Stimulating the brain can improve the effectiveness of cochlear implants

People with cochlear implants can recognize speech within hours of implantation, while others take months or years. Photo by Michael Matthey/dpa/Alamy

The researchers found that stimulating neurons associated with alertness helped rats implanted with cochlear implants learn to recognize tunes quickly. The findings suggest that activity in the blue spot (LC) region of the brain can improve hearing in deaf rodents. The researchers say the findings are important for understanding how the brain processes sounds, but this approach is still a long way from helping humans. The study was published Dec. 21 in Nature.

Cochlear implants use electrodes in the inner ear area called the cochlea, a device that converts sound into electrical signals that stimulate the auditory nerve, and the brain learns to process these signals to understand the auditory world.

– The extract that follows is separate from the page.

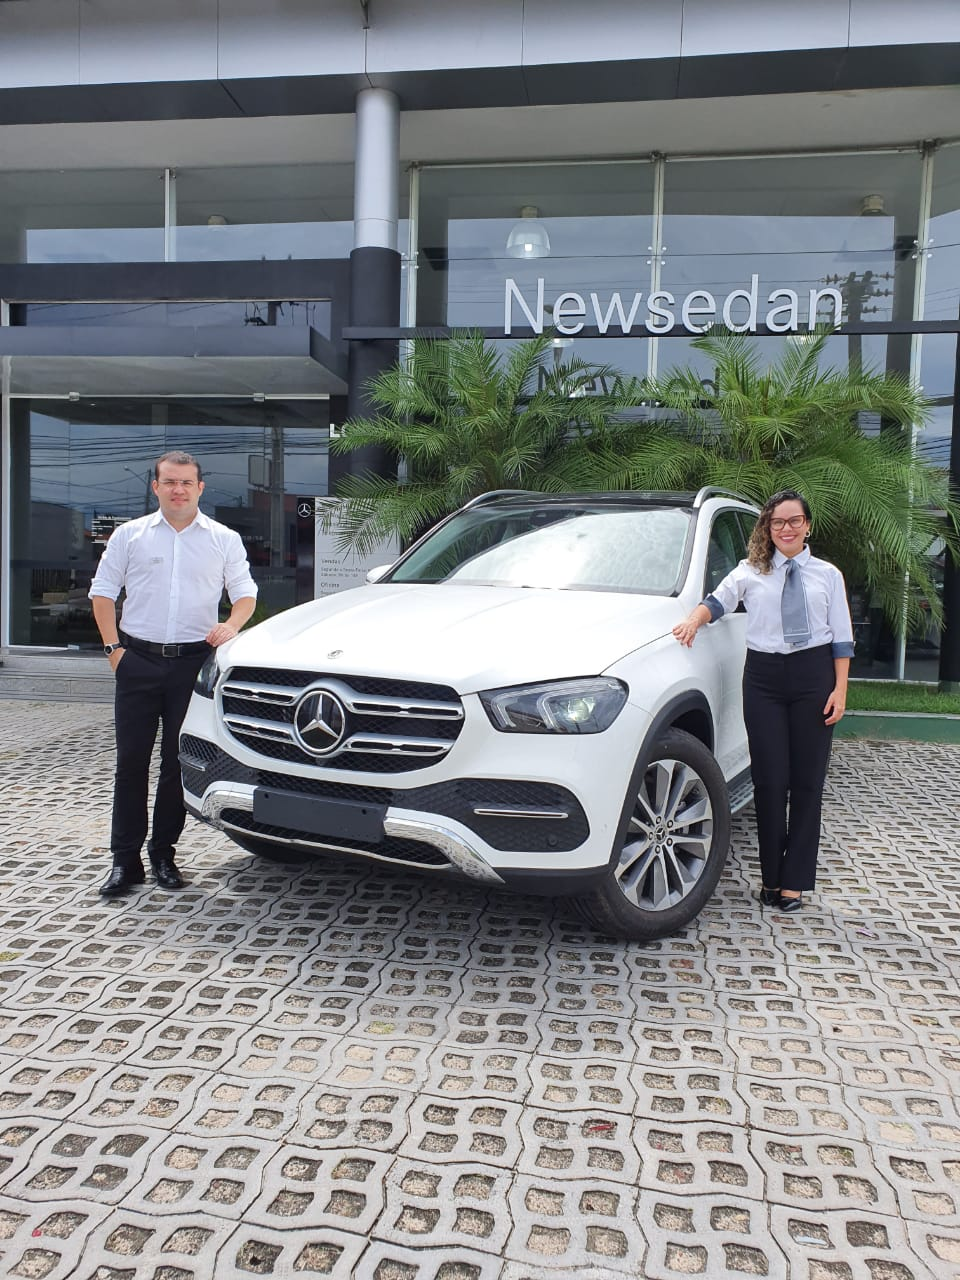 Newsedan Mercedes-Benz pronta para mostrar o Novo GLE, o SUV de luxo
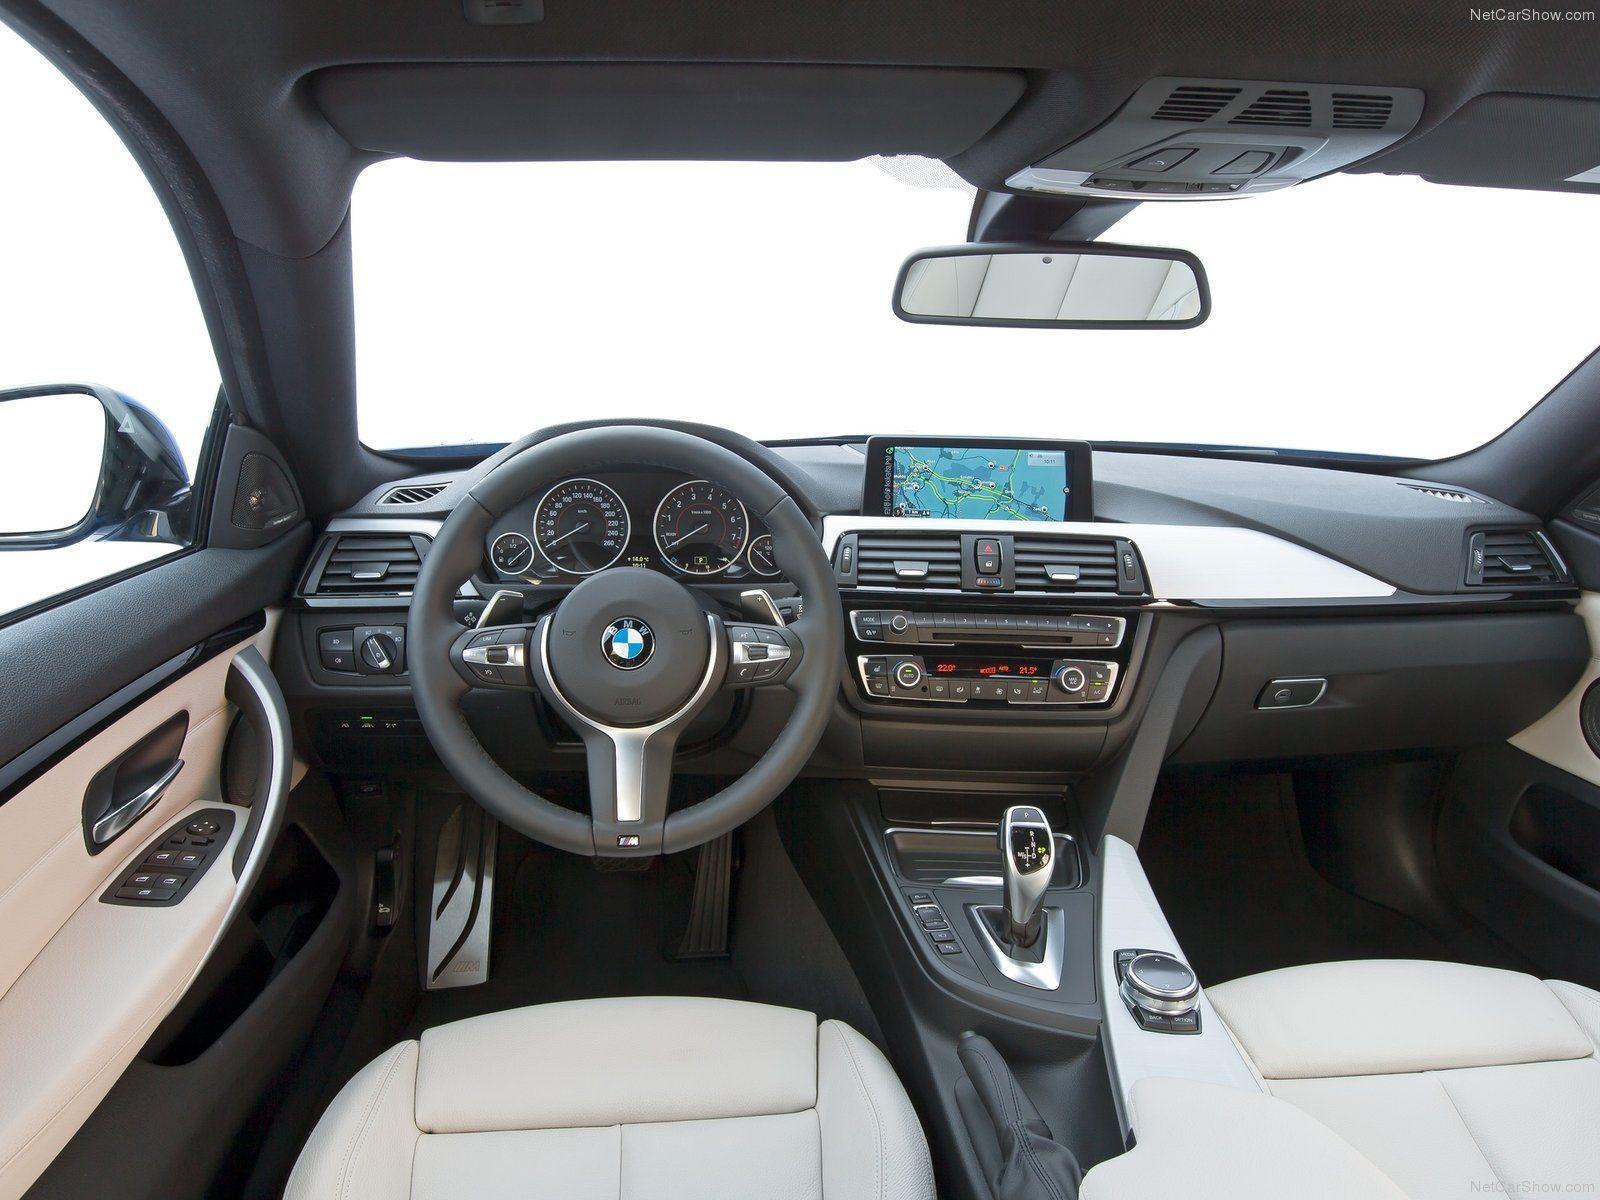 bmw 2015 5 series interior. 2015 bmw 5 series intreior images bmw interior i

Some people with cochlear implants learn to recognize speech within hours of implanting the device, while others take months or years. “This problem has been around since the advent of cochlear implants and shows no signs of a solution.” Gerald Loeb of the University of Southern California in Los Angeles says he helped develop the first generation of cochlear implants.

The researchers said a person’s age, the duration of hearing loss, and the type of processor and electrodes in the implant did not explain the difference, meaning the brain may be the source of the difference. “It’s kind of like a black box.” Daniel Polley, an otolaryngologist at Harvard Medical School in Boston, Massachusetts, said most previous research has focused on improving cochlear devices and implant procedures.

Trying to improve the brain’s ability to use the device, Polley said, opens a path to improved communication between the ear and the brain.

To explore this relationship, the team trained 16 rats to respond to music. When a particular tune is heard, the animal can stick its nose into the box to get a reward. When they hear other tunes, the food doesn’t appear, and the rats learn not to stick their noses out.

The researchers then surgically deaf the rat and implanted a cochlear implant with 8 electrodes in the rat’s ear, each encoding a tune. The authors repeated the task, only this time, when the researchers stimulated the electrodes, the animals heard tunes that matched the food reward.

The authors report that after 15 days, the rats all learned to distinguish between tunes that offered a reward and those that did not. The researchers noticed that the activity of LC neurons increased when the animals responded correctly to the tune, while the activity of LC neurons decreased when they poked and made mistakes randomly.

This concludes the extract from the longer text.